The COVID-19 pandemic has created both a crisis and an opportunity in nursing leadership. There are no parts of the world that have not been touched by the pandemic and undeniably this has placed significant stress on the nursing workforce. Nursing leadership is under tremendous stress to provide the staff and resources to care for what seems a relentless demand.
No longer can we continue to discuss the need for effective nursing leadership. The time to make changes is now. There must be a call to action to ensure nursing leaders at all levels of management have not only the competency and expertise to move and lead organizations. These leaders must have a seat at the table. Nursing leaders need to be able to not only create and participate in health policy decisions. They must also be able to manage healthcare team members throughout the healthcare organization. Of critical importance is the leadership provided to those nurses at the bedside.
Inconsistencies in the educational preparation of nurse leaders and lack of consistent training have, in part, impacted our responsibility to lead. The 21st century and beyond means we must educate and mentor a new cadre of nurse leaders. In a recent published study it has been argued for nurses’ potential to assume a far more significant role in designing and developing health services. The time is ripe for a nurse-led and revolutionary change of focus to address long-term conditions, infectious and non-infectious diseases, and the "diseases of despair"(1). Nursing leaders must envisage and articulate the vision to achieve these goals and then work together to create the preferred future. Leaders need the necessary competencies to ensure that the nursing workforce can position itself to address the vision.

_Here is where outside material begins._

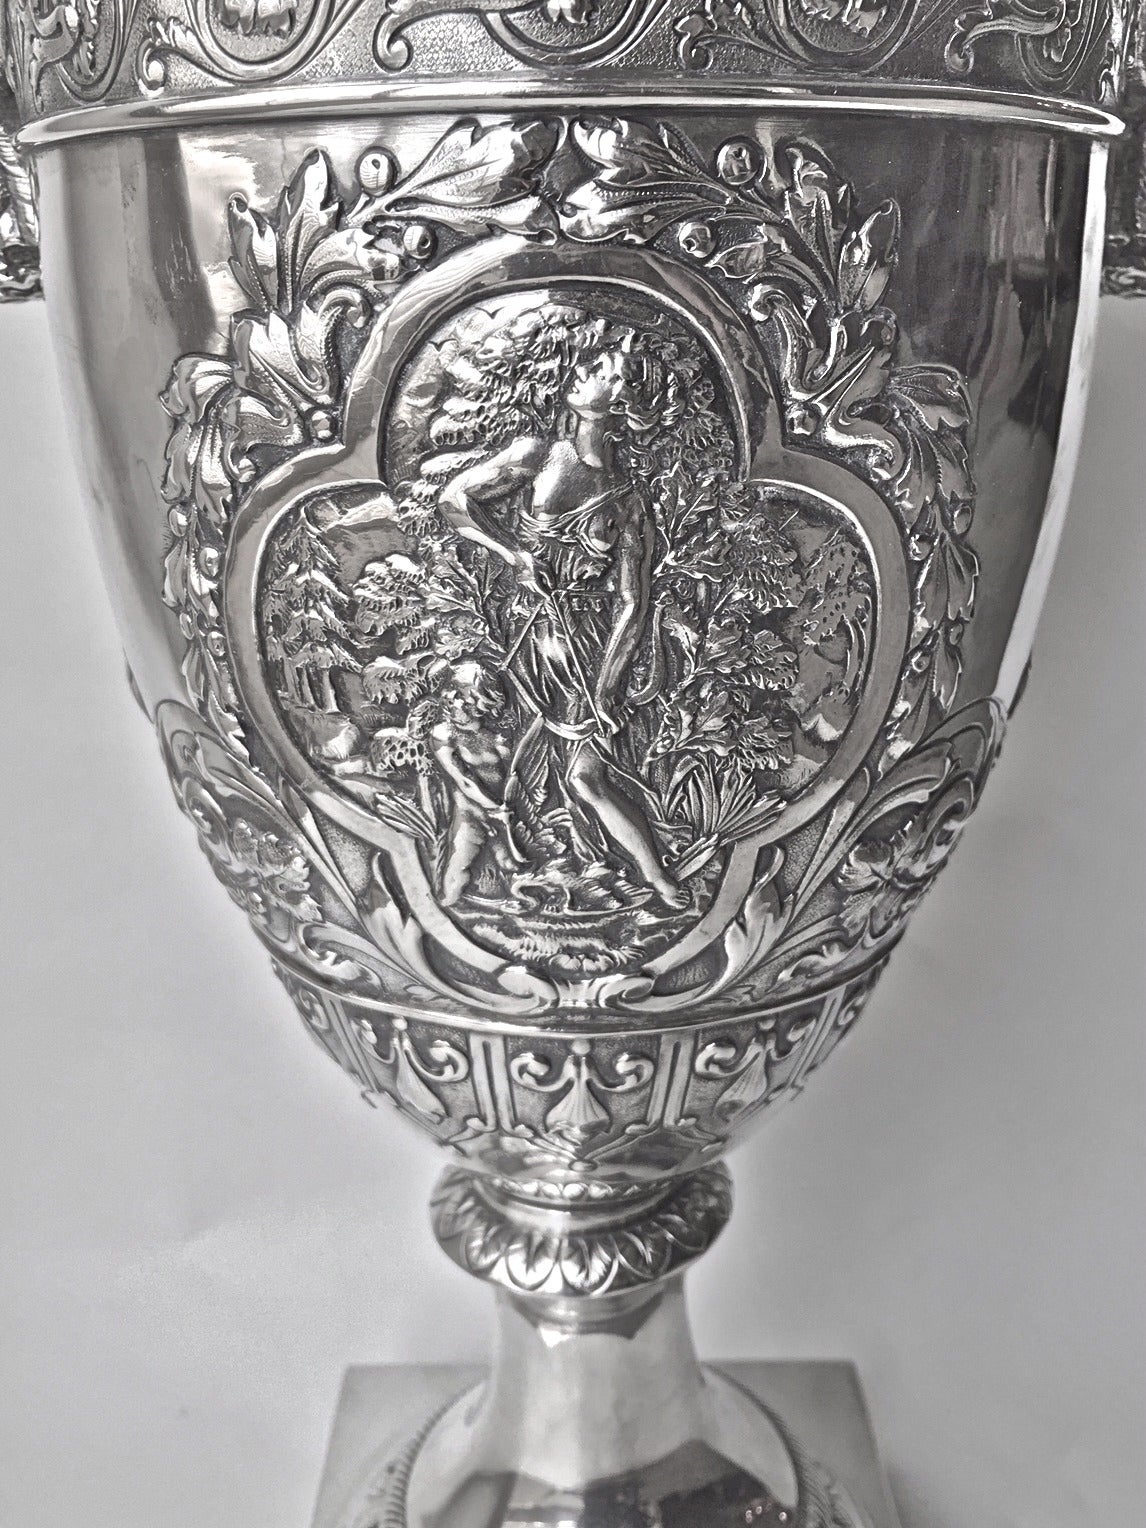 European Large Continental Silver Vase Cast and Chased Double Snake Handles, 19th Century

There must be a paradigm shift in nursing leaders’ education and mentoring, with a radical re-visioning of the qualities and skills needed for nurse leaders to take nursing forward into the 22nd century and beyond. The shift is necessary because the rapid changes that we are witnessing within the healthcare environment will continue. Leaders must be able to drive a rapidly change process plan to ensure success effectively. Researchers(2) described how healthcare workers react to change and found for many change creates psychological uncertainty as to what the proposed change means to them personally and their practice. The immediate reactions to change were categorized as either indifference or passive resistance to change. The response to change is a concern for nursing in all spheres and emphasizes the power of the status quo. However, participation in or support for reform occurred when the health care practitioners implemented the changes or when the changes included their constructive feedback. When changes are well-conceived and well communicated(2), the chances of adoption are high. Educating nursing leaders on how to facilitate and adapt to a rapidly changing healthcare environment is essential. These leaders can then enable the change process with their staff and colleagues more effectively.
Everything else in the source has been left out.